## Forward and Reverse process
The diffusion models make data into a gaussian noise (latent vector) and restore it again. The former is called the forward process, and the latter is called the reverse process.

### Forward process
In the forward process, we add a gaussian noise to the data step by step (usually hundreds of steps). The transform of an individual step is defined as follows.
$$
\begin{aligned}
x_{t} &= q(x_{t}|x_{t-1}) \\
&= N(x_{t}, \sqrt{1-\beta_{t}}x_{t-1}, \beta_{t}\mathrm{I})
\end{aligned}
$$
where $\beta_{t}$ is a coefficient in $(0, 1)$.

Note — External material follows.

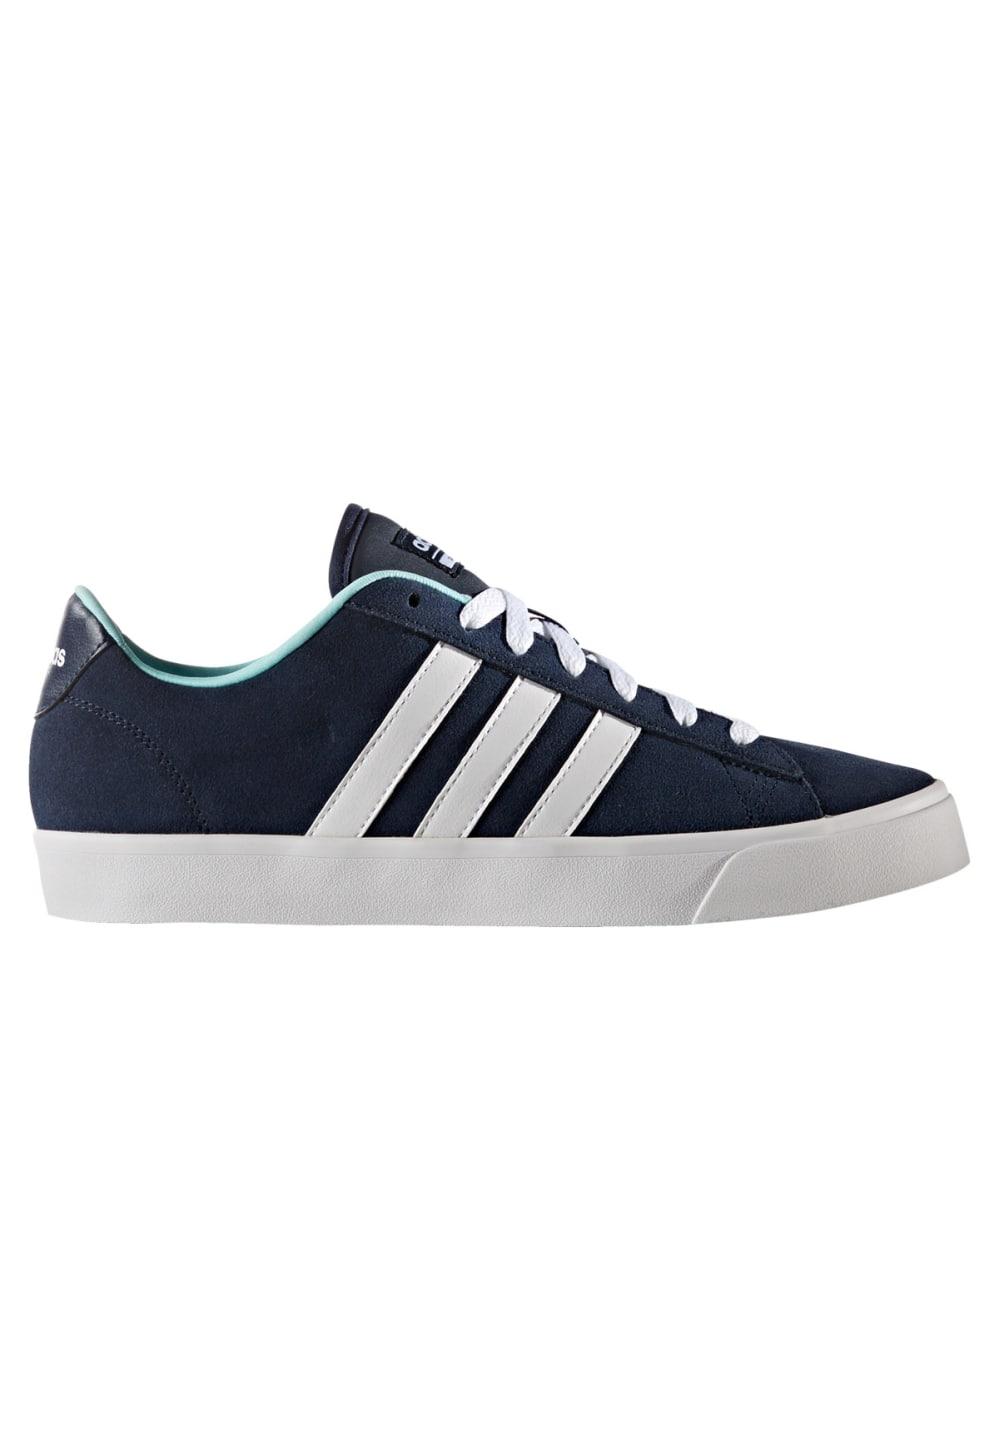 Sneakers für Frauen - adidas neo Cloudfoam Daily QT Sneaker für Damen Blau  - Onlineshop 21Run
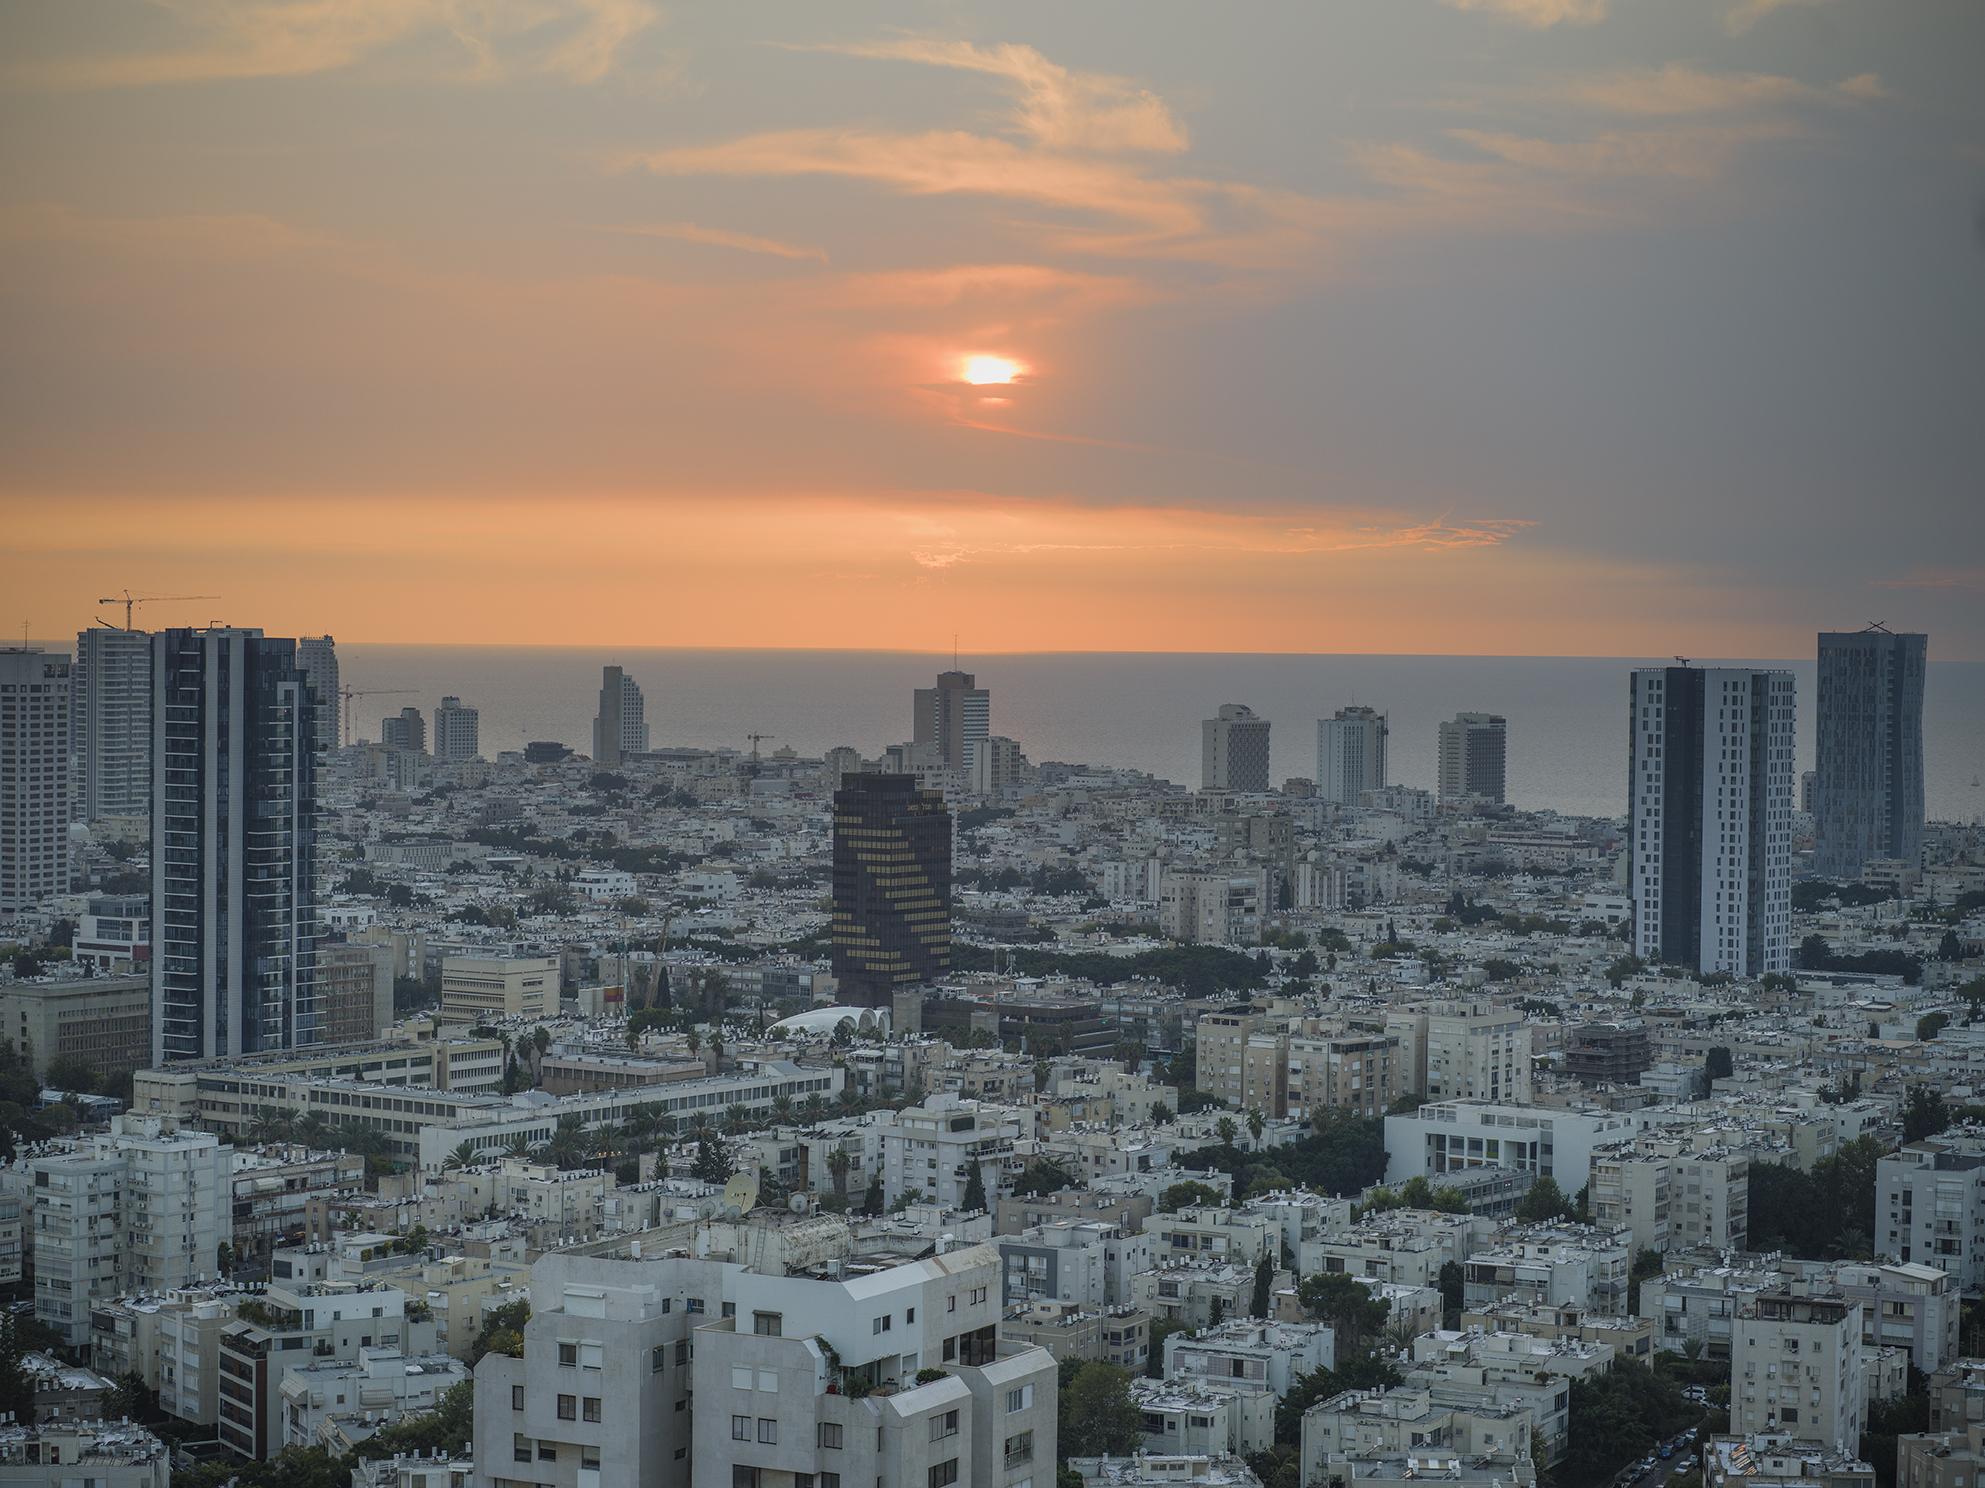 Tel-Aviv, Israel. November 2018.

The $x_{t}$ is sampled from a gaussian distribution with mean $\sqrt{1-\beta_{t}}x_{t-1}$ and variance $\beta_{t}$. Because the mean is slightly smaller than $x_{t-1}$ by $\sqrt{1-\beta}$, the overall variance remains nearly constant. 
$$
\begin{aligned}
Var(x_{t}) &= Var[N(x_{t}, \sqrt{1-\beta_{t}}x_{t-1}, \beta_{t}\mathrm{I})] \\
&= Var(\sqrt{1-\beta_{t}}x_{t-1} + \sqrt{\beta_{t}} \epsilon) \\
&= Var(\sqrt{1-\beta_{t}}x_{t-1}) + Var(\sqrt{\beta_{t}} \epsilon) \\
&= (1-\beta_{t}) Var(x_{t-1}) + \beta_{t} \\
&\sim 1 - \beta_{t} + \beta_{t} \quad (\text{let the variance of } x_{t-1} \text{ is about } 1) \\ 
&= 1
\end{aligned}
$$

The total transform from $x_{0}$ to $x_{T}$ is as follows.
$$
\begin{aligned}
x_{1:T} &= q(x_{1:T}|x_{0}) \\
&= \prod_{t=1}^{T} q(x_{t}|x_{t-1})
\end{aligned}
$$

The reparameterization trick allows $x_{t}$ to be expressed by $x_{0}$ and $\beta_{t}$.
$$
\begin{aligned}
x_{t} &= q(x_{t}|x_{t-1}) \\
&= N(x_{t}, \sqrt{1-\beta_{t}}x_{t-1}, \beta_{t}\mathrm{I}) \\
&= \sqrt{1-\beta_{t}}x_{t-1} + \sqrt{\beta_{t}} \epsilon_{t-1} \\
&= \sqrt{\alpha_{t}}x_{t-1} + \sqrt{1-\alpha_{t}} \epsilon_{t-1} \quad (\alpha_{t}=1-\beta_{t}) \\
&= \sqrt{\alpha_{t}}(\sqrt{\alpha_{t-1}}x_{t-2} + \sqrt{1-\alpha_{t-1}} \epsilon_{t-2}) + \sqrt{1-\alpha_{t}} \epsilon_{t-1} \\
&= \sqrt{\alpha_{t}\alpha_{t-1}}x_{t-2} + \sqrt{\alpha_{t}}\sqrt{1-\alpha_{t-1}} \epsilon_{t-2} + \sqrt{1-\alpha_{t}} \epsilon_{t-1} \\
&= \sqrt{\alpha_{t}\alpha_{t-1}}x_{t-2} + \sqrt{\alpha_{t}-\alpha_{t}\alpha_{t-1}+1-\alpha_{t}} \bar{\epsilon} \quad (\bar{\epsilon} \sim N(0, \mathbf{I})) \\
&= \sqrt{\alpha_{t}\alpha_{t-1}}x_{t-2} + \sqrt{1-\alpha_{t}\alpha_{t-1}} \bar{\epsilon} \\
&= \sqrt{\alpha_{t}\alpha_{t-1}\alpha_{t-2}}x_{t-3} + \sqrt{1-\alpha_{t}\alpha_{t-1}\alpha_{t-2}} \bar{\epsilon} \\
&= ... \\
&= \sqrt{\alpha_{t}\alpha_{t-1}...\alpha_{1}}x_{0} + \sqrt{1-\alpha_{t}\alpha_{t-1}...\alpha_{1}} \bar{\epsilon} \\
&= \sqrt{\bar{\alpha}} x_{0} + \sqrt{1-\bar{\alpha}} \epsilon \quad (\bar{\alpha}=\alpha_{t}\alpha_{t-1}...\alpha_{1})\\
&= N(x_{t}; \sqrt{\bar{\alpha}} x_{0}, (1-\bar{\alpha})\mathbf{I}) \\
\therefore q(x_{t}|x_{0}) &= N(x_{t}; \sqrt{\bar{\alpha}} x_{0}, (1-\bar{\alpha})\mathbf{I})
\end{aligned}
$$